Content starts
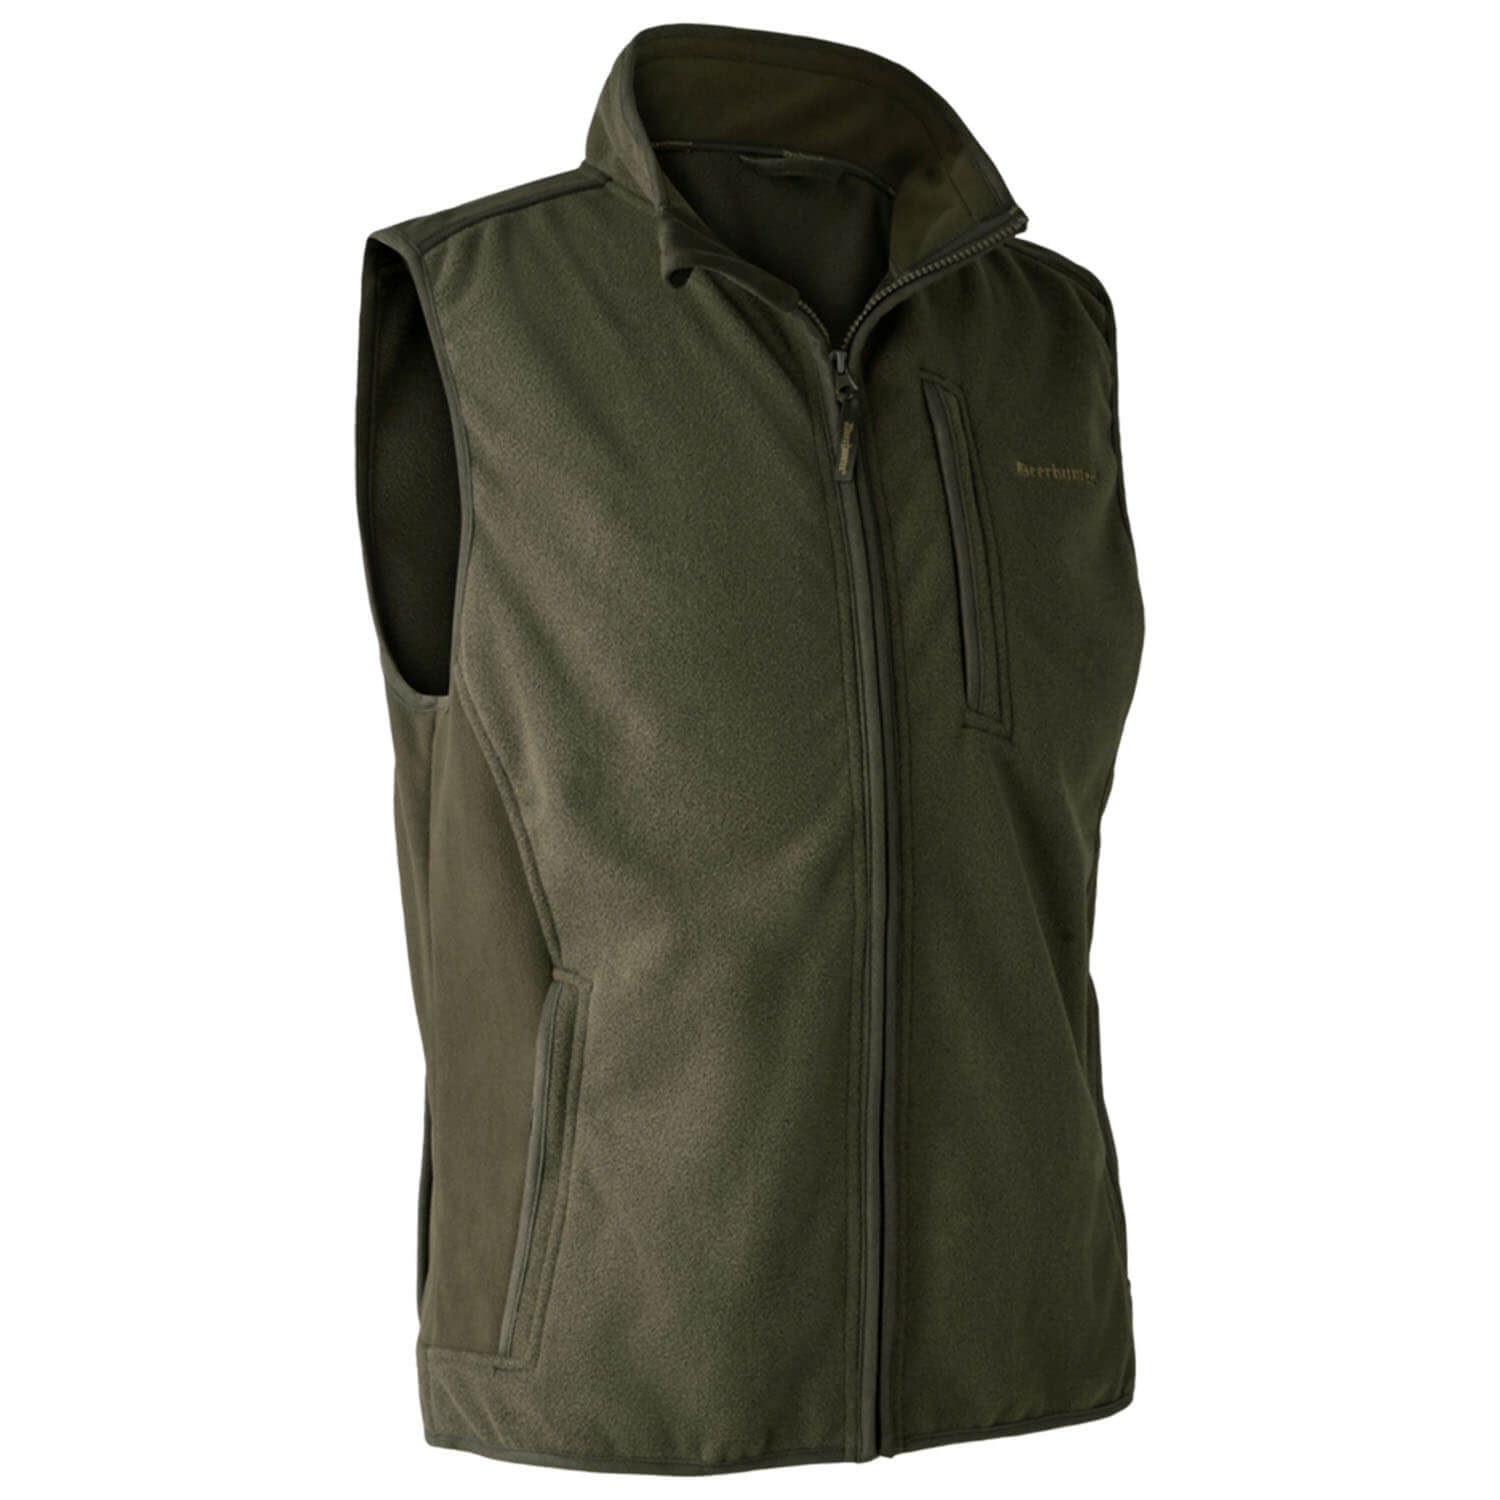  Deerhunter Gamekeeper Bonded fleece vest (groen) - Jachtvesten
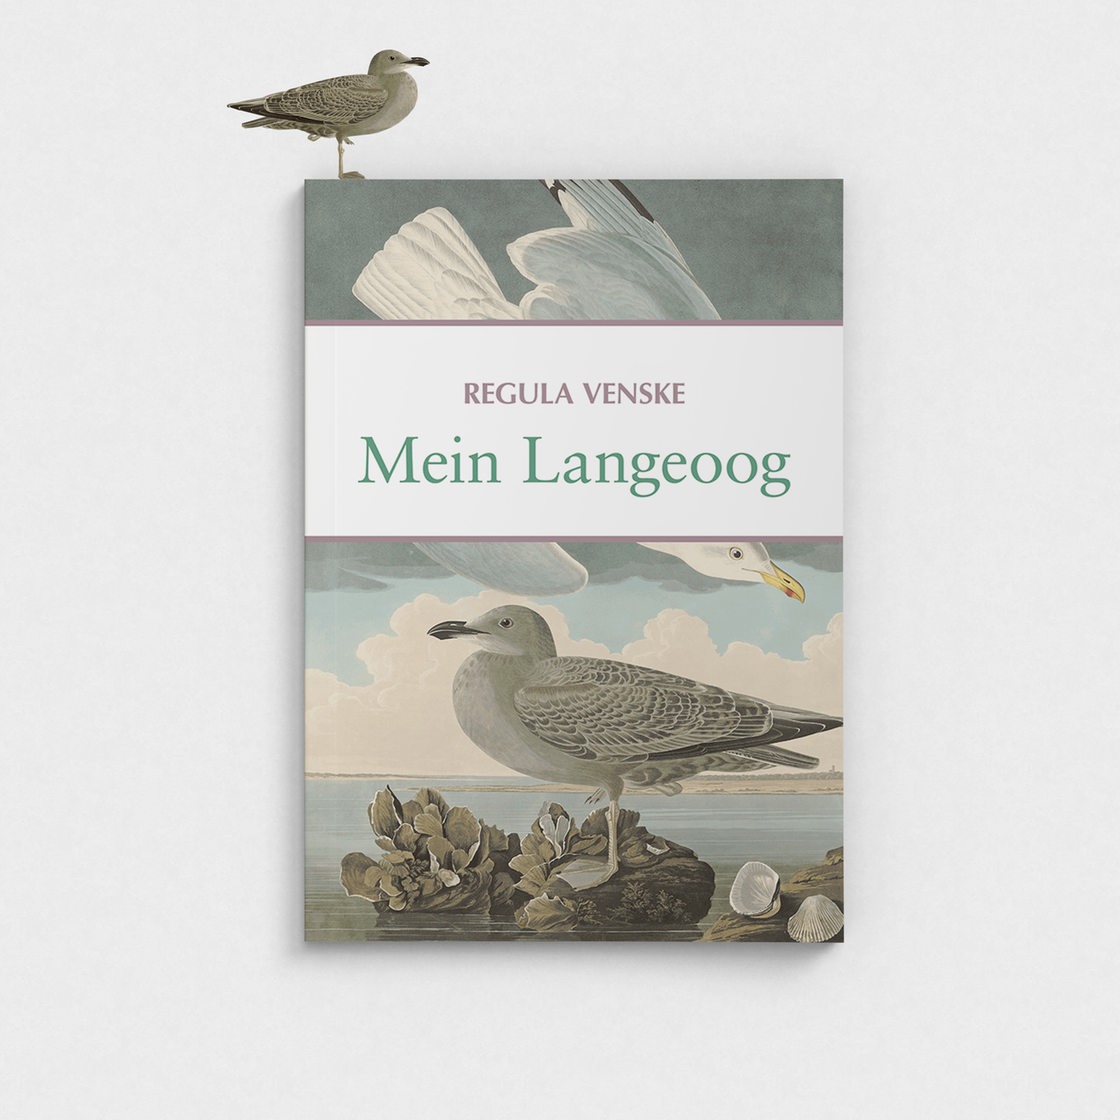 Das Cover des Buchs "Mein Langeoog"
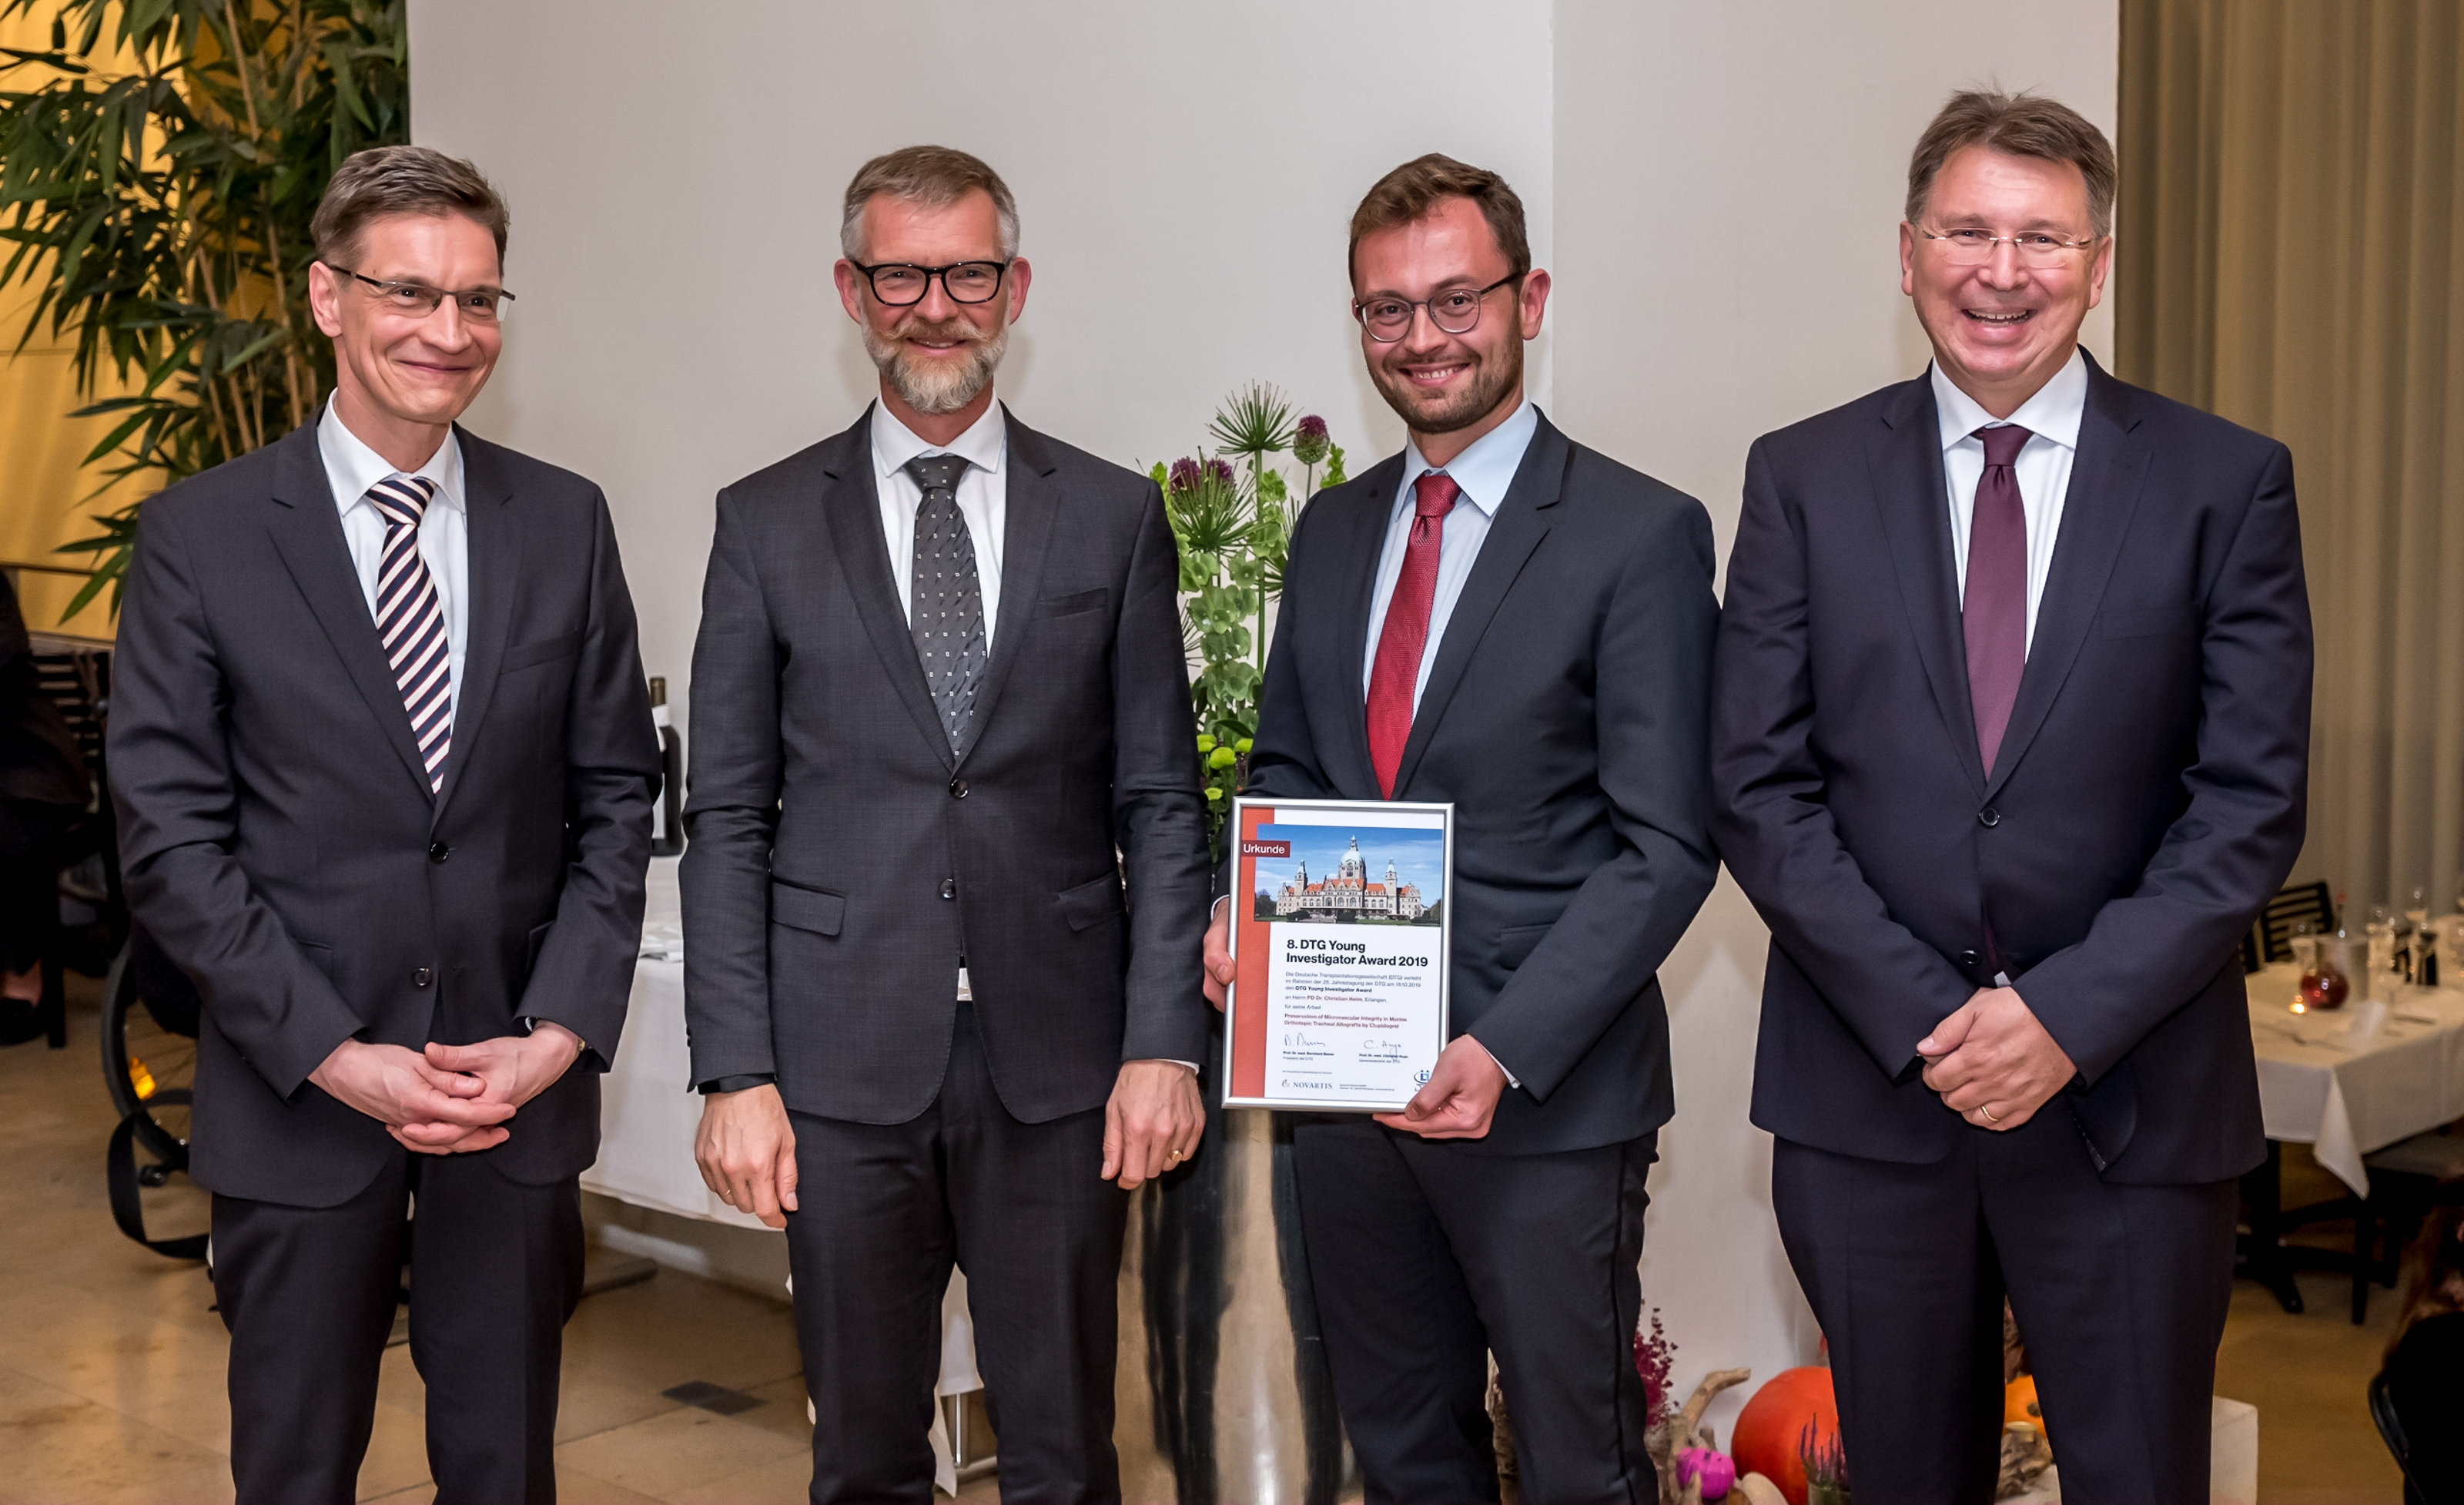 Preisverleihung 2019 von links: Prof. Strassburg, Dr. Schöneck (Novartis), Dr. Heim, Prof. Banas
Content ends
■ What needs to be done
Every line above gets copied exactly; none of the pictures do.

■ Your solution
  Deerhunter Gamekeeper Bonded fleece vest (groen) - Jachtvesten
 Das Cover des Buchs "Mein Langeoog"
 Preisverleihung 2019 von links: Prof. Strassburg, Dr. Schöneck (Novartis), Dr. Heim, Prof. Banas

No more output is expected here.